朱祁鈺沉思了一下,道:“小妹,擂臺大會之后,你就離開京城,遠走高飛吧。京城是非太多,不是你一個女孩子所能解決的。”朱祁嫣深深地看了朱祁鈺一眼,顫聲道:“四哥,無論我怎么說,你都不能答應我么?”朱祁鈺低著頭,沉默不語。朱祁嫣見這個對自己向來是百依百順的四哥不吭聲,心頭好不酸楚,險些掉下淚來,暗道:“連他也都不聽我的話了,我留在京城又有什么意思?”半響過后,她幽幽地道:“四哥,我走了,你保重。我離開京城后,只怕是永遠也不回來了。”說完之后,帶著金銀二老飄然而去。朱祁鈺猶如一根柱子般立在夜色里,看著三人遠去的方向,誰也不知道他究竟在想些什么。

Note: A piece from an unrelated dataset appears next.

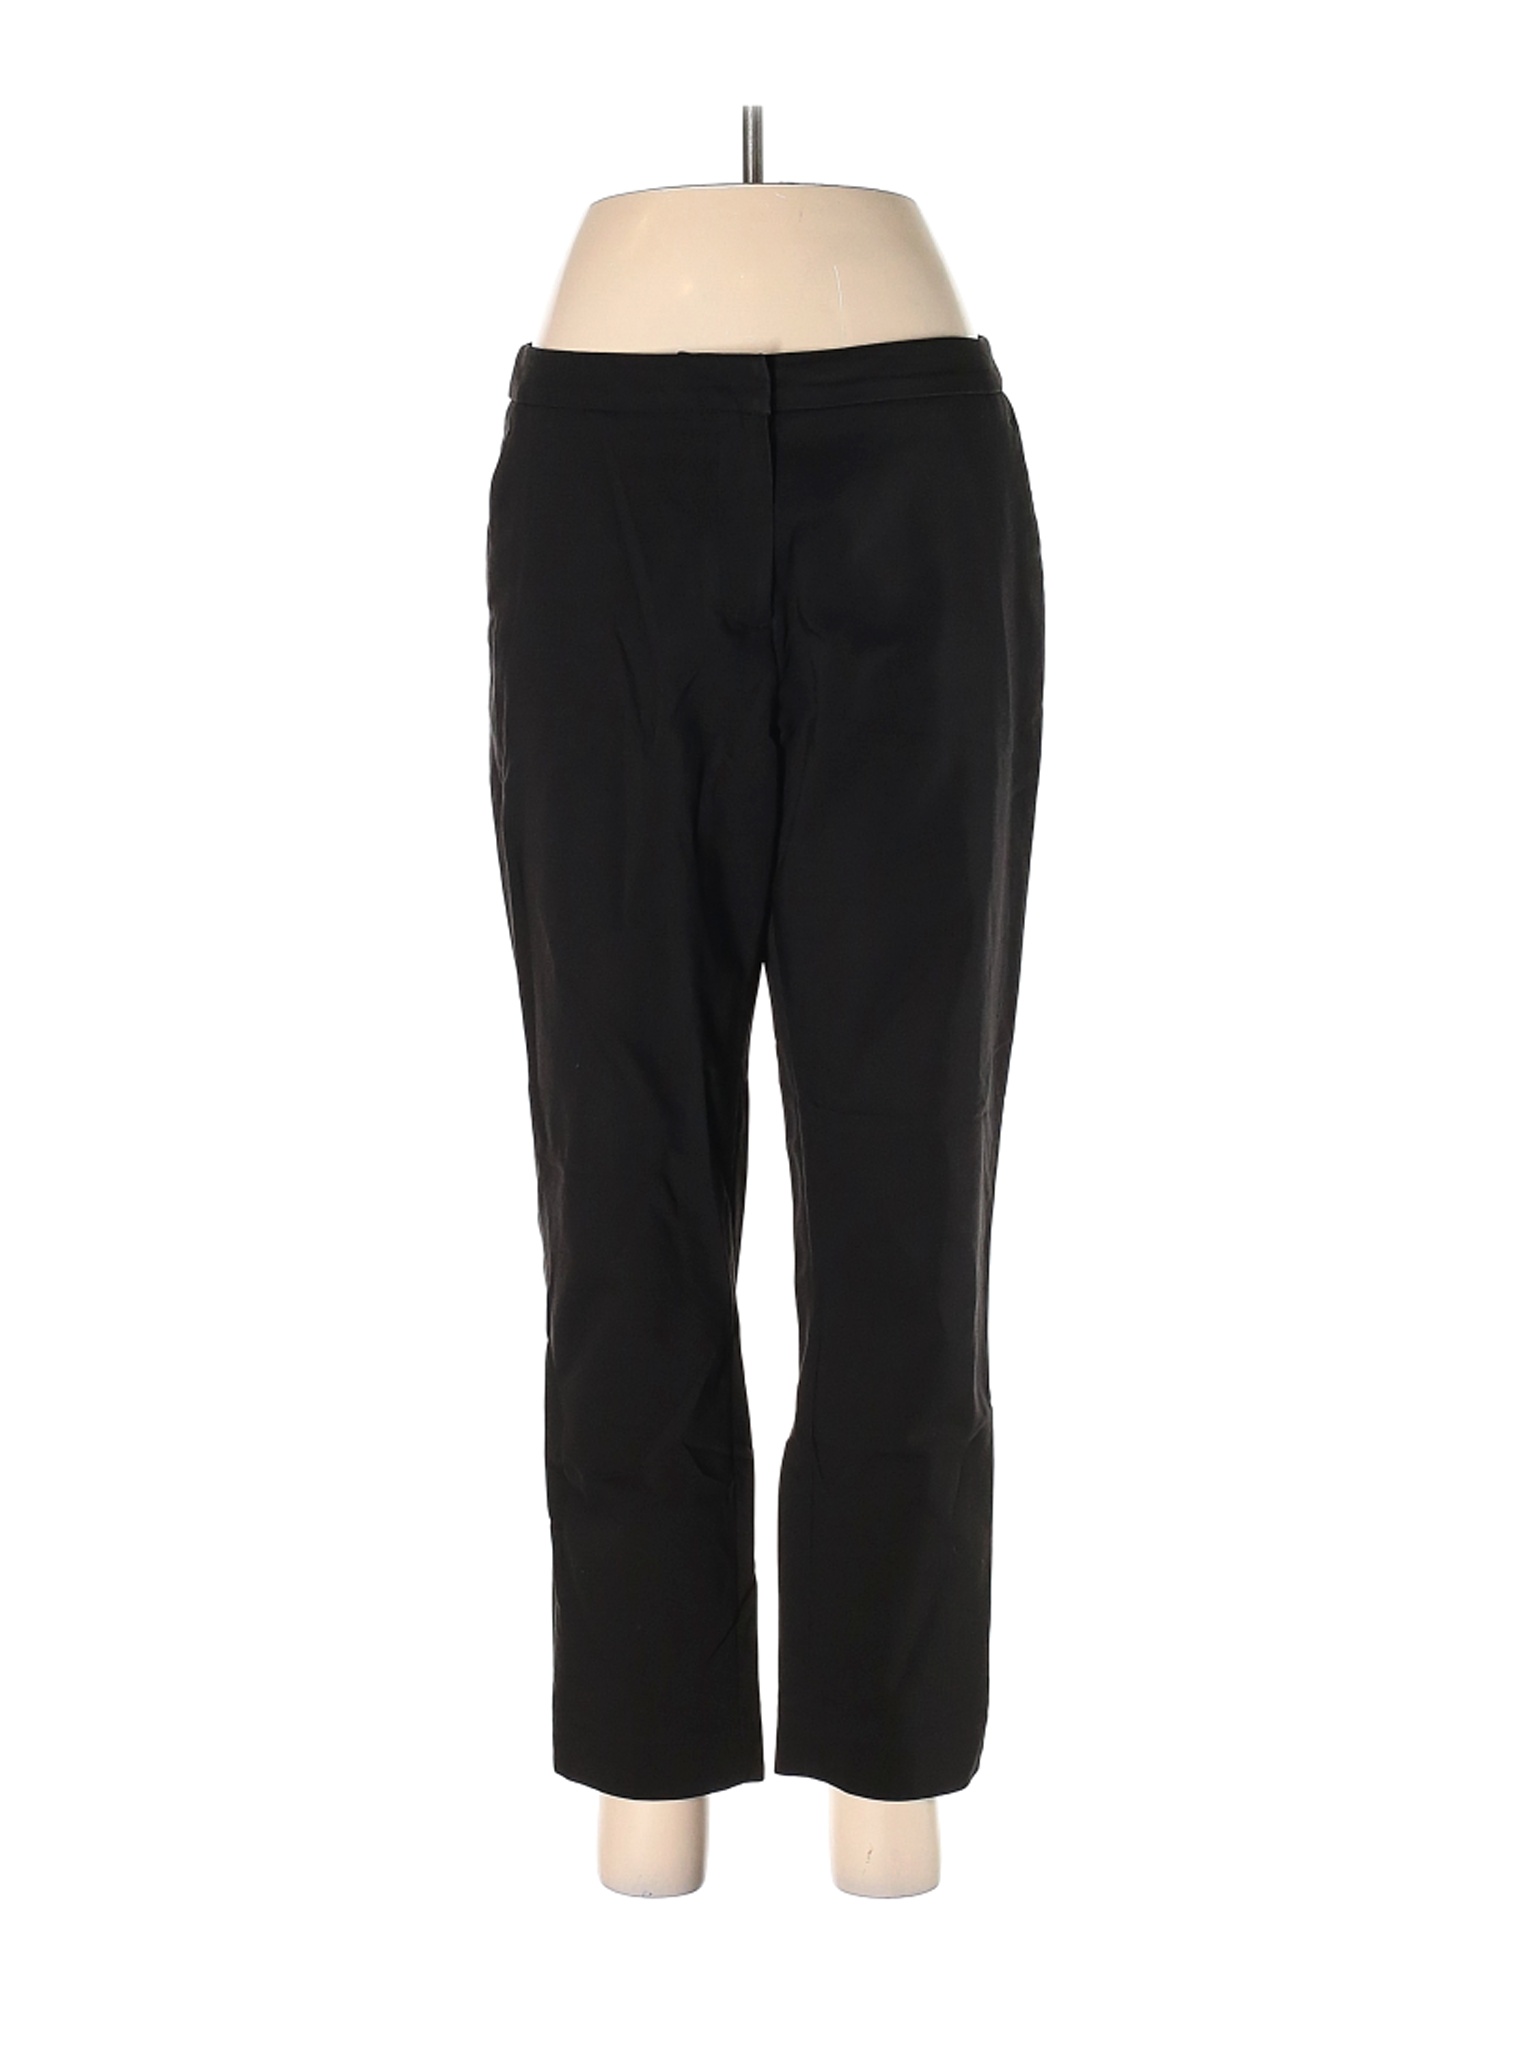 H&M Women Black Dress Pants 8 | eBay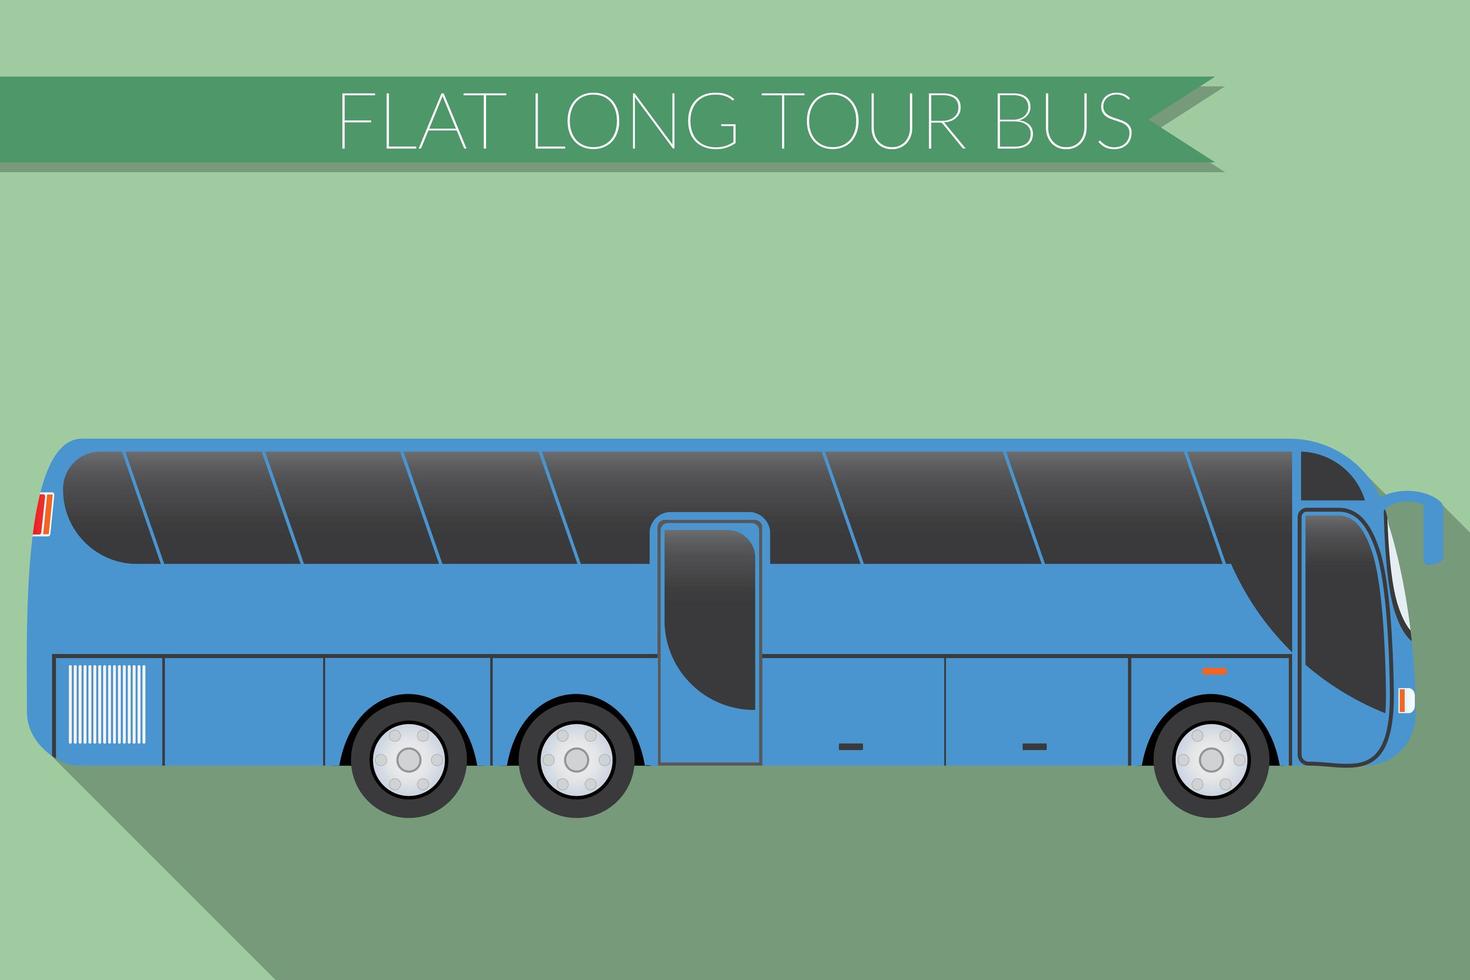 design plano ilustração vetorial transporte urbano, ônibus, intermunicipal, ônibus turístico de longa distância, vista lateral vetor

夜色下,方劍明飛速的向前狂奔,寒風吹得他的臉龐隱隱生疼,左肩有一種火燒般的感覺。他受傷了。按照他和看唱本的約定,再往前走兩里,應該有一座破廟,看唱本會在哪里等他。盡管受了傷,但他的輕功依然不受影響,很快,前面出現了一個廟宇的輪廓。方劍明心頭一喜,加快速度,騰身一躍,落進了破廟中。
“看老,我來啦。”方劍明大叫道。沒有人回應,破廟里沒有人,四周靜極了。方劍明“咦”了一聲,暗道:“明明說好在這里等我,他怎么還沒有來?難道憑他的武功,還擺脫不了那些人么?”
這是一個年代久遠的破廟,早已沒有人住。方劍明進了廟堂,掃出一塊干凈的地方,盤膝坐好,閉目調元。他先前同“黑”硬碰了一下,受了內傷,同時左肩也被拳風掃中,遭受皮肉之苦。按理說,他的武功又有了不小的增進,怎么會被那個“黑”擊傷了呢?其實,那個“黑”另有一番來歷,一身勁力堪稱霸王在世,他那一拳,含怒出手,換成其他人,早已被他擊斃,但方劍明由于在夢中同十八銅人交手,修煉到了銅頭鐵臂,他才只是感到左肩火辣而已,武功強過方劍明的人,受了那一拳,倘若不是修煉過橫練功夫,手臂上的筋骨多半會斷裂幾根。認真說來,方劍明算是很幸運的了。
正當他運功到緊要之處時,發覺廟外傳來了衣袂破空之聲,方劍明忖道:“難道是看老來了嗎?”這么晚了,除了看唱本應該不會有人來,所以方劍明才敢放心大膽的在此運功調元。三條人影從廟外凌空躍起,向院中飛落,還沒有落地,內中一人冷喝道:“有人。”身形一轉,向廟堂中的方劍明撲了過去,輕功之高,令人可怕。為首之人急聲喝道:“慢著。”身形一晃,攔在了那人身前。三人落地后,為首之人向其他二人拋了一個眼色,二人當即領悟,翻身退出破廟。來得快去得更快,身法就如鬼魅一般。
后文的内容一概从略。